Real-time extraction and processing of structured blocks from text streams

Project description

Streamblocks

PyPI version Python Versions License: MIT Tests codecov Docs

Real-time extraction and processing of structured blocks from text streams.

LLMs often embed structured data in their responses: file operations, code blocks, tool calls.

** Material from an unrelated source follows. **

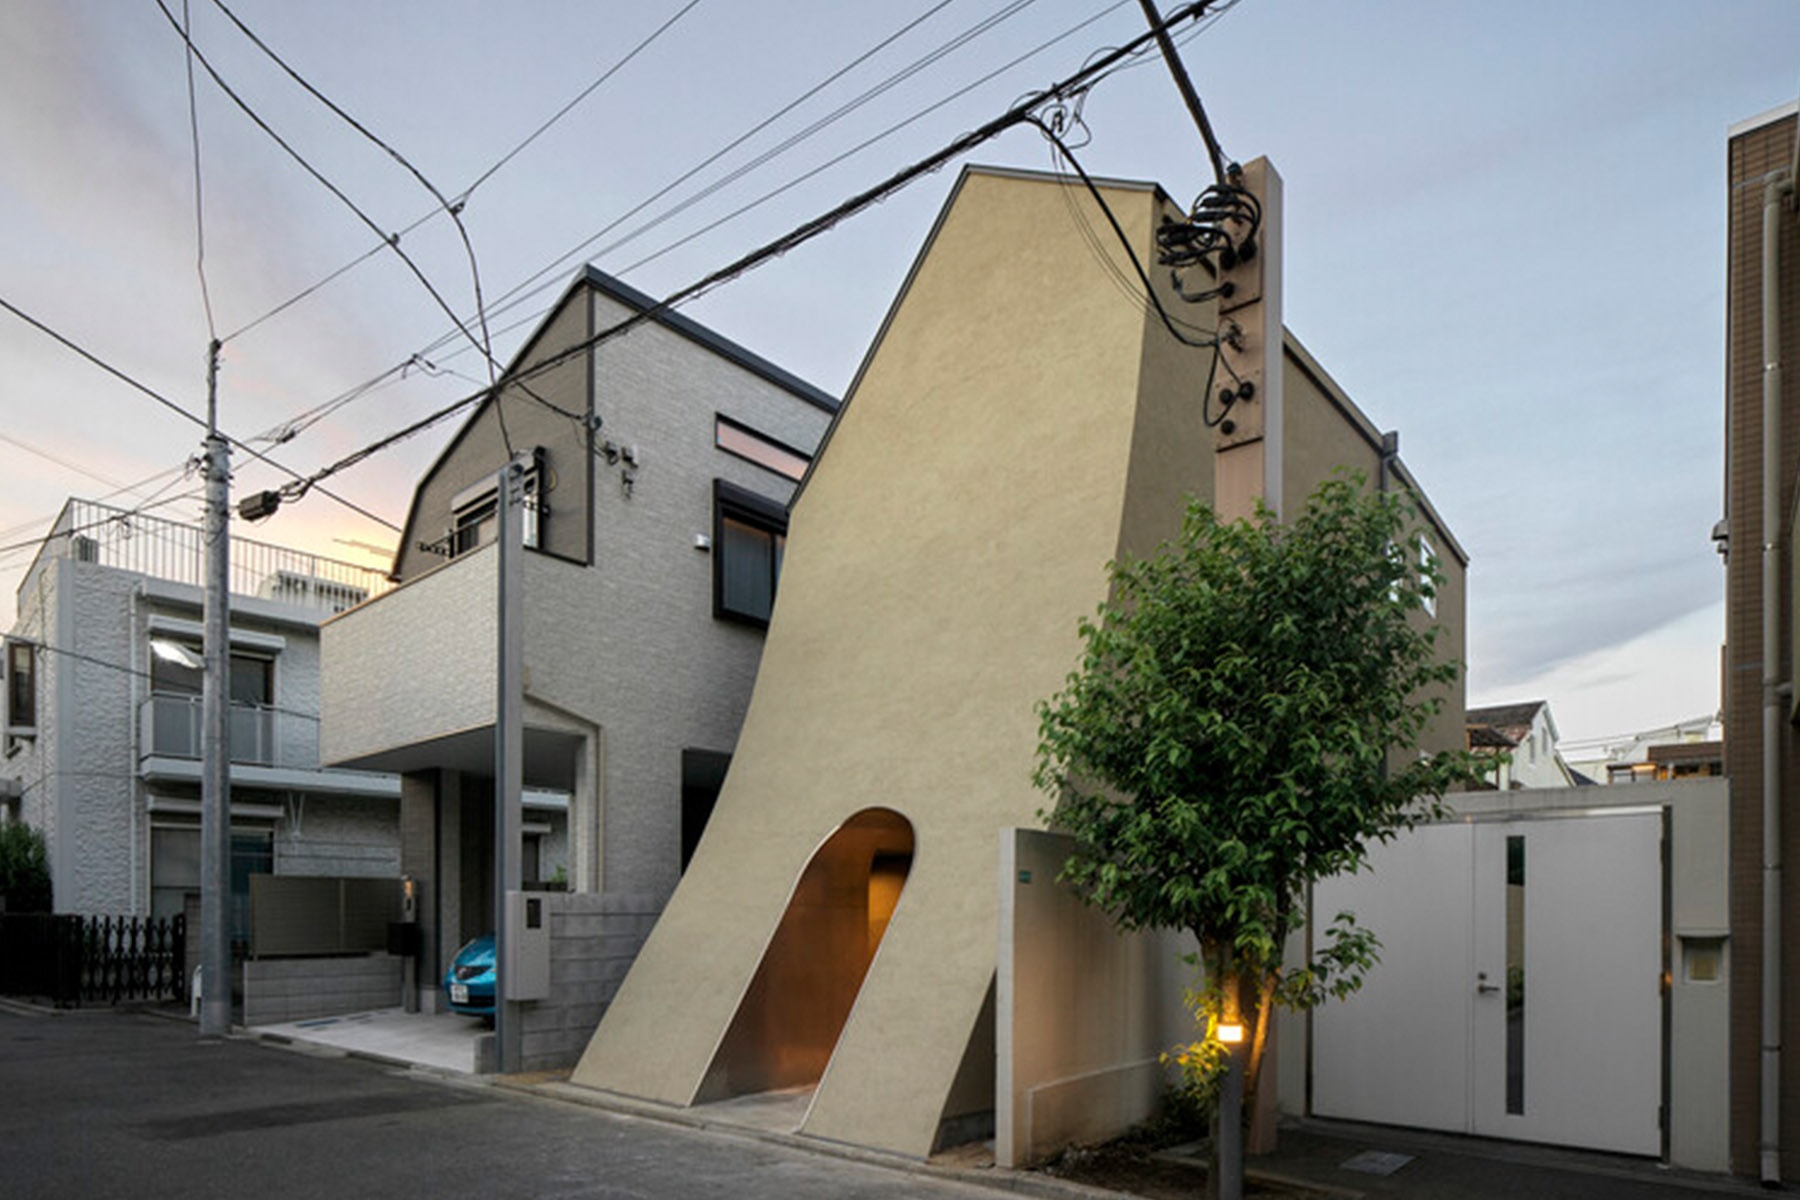 率先預覽 Tan Yamanouchi & AWGL 為日本漫畫家打造「錯層」住宅
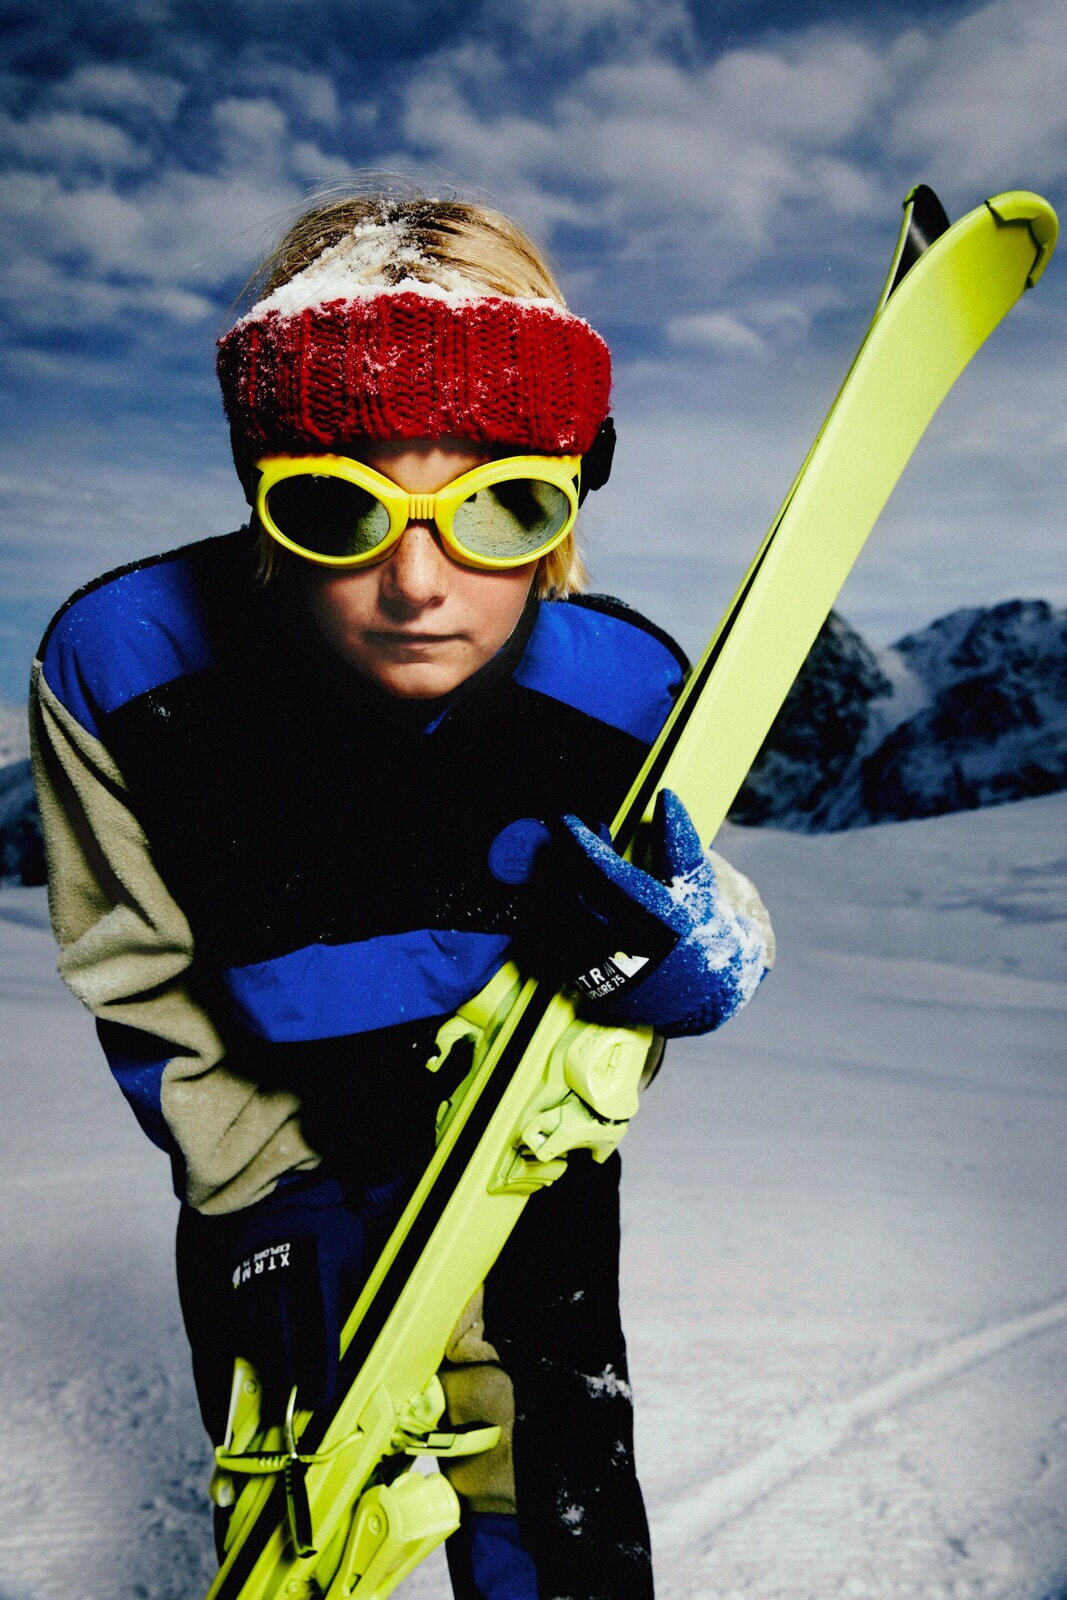 Перчатки из поларфлиса — ski collection ZARA

Streamblocks extracts these blocks in real-time as the stream arrives, emitting events like BLOCK_START, BLOCK_CONTENT_DELTA, and BLOCK_END. Process a Gemini stream, detect !!save:file\npath/to/file.py\n!!end blocks, and react immediately, no need to wait for the full response.

Table of Contents

Features

  • Pluggable Syntax System: Define your own block syntaxes or use built-in ones
  • Async Stream Processing: Process text streams line-by-line with full async support
  • AI Provider Adapters: Automatic adapter detection for Gemini, OpenAI, Anthropic
  • AG-UI Protocol Support: Bidirectional adapters that consume AG-UI streams and emit AG-UI events
  • Type-Safe Models: Use Pydantic models for block metadata and content
  • Event-Driven Architecture: React to block detection, updates, completion, and rejection
  • Production Ready: Comprehensive error handling, logging, and validation

Installation

pip install streamblocks

Quick Start

import asyncio
from streamblocks import BlockRegistry, DelimiterPreambleSyntax, StreamBlockProcessor, EventType
from streamblocks.content import FileOperationsContent, FileOperationsMetadata

async def main():
    registry = BlockRegistry()
    syntax = DelimiterPreambleSyntax(
        metadata_class=FileOperationsMetadata,
        content_class=FileOperationsContent,
    )
    registry.register_syntax(syntax, block_types=["files_operations"])
    processor = StreamBlockProcessor(registry)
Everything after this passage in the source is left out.